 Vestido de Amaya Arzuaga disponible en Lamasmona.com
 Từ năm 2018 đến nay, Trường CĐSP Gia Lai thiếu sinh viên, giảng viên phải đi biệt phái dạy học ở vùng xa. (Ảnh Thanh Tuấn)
----------
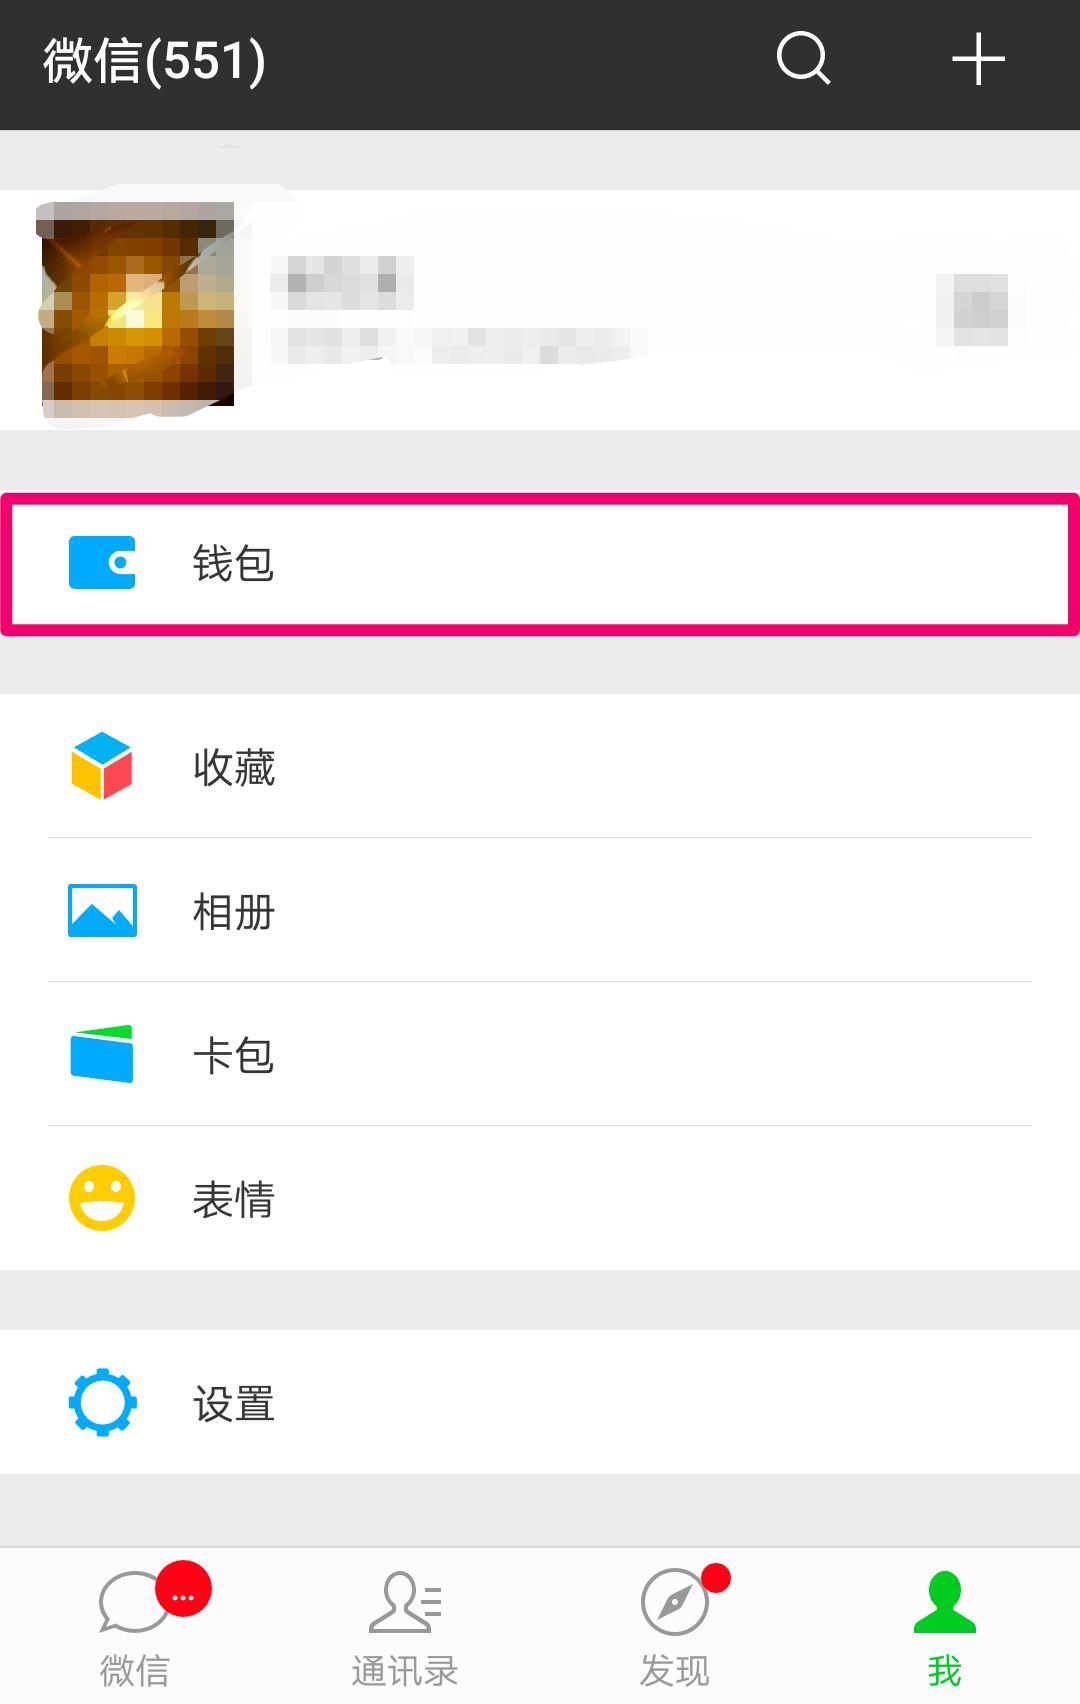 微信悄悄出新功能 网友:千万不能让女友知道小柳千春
----------
### Brief
Starting with the line above that holds "Vestido de Amaya" and stopping with the line that holds "Từ năm 2018", reproduce each line exactly, omitting all other lines.

### Exercise response
 Vestido de Amaya Arzuaga disponible en Lamasmona.com
 Từ năm 2018 đến nay, Trường CĐSP Gia Lai thiếu sinh viên, giảng viên phải đi biệt phái dạy học ở vùng xa. (Ảnh Thanh Tuấn)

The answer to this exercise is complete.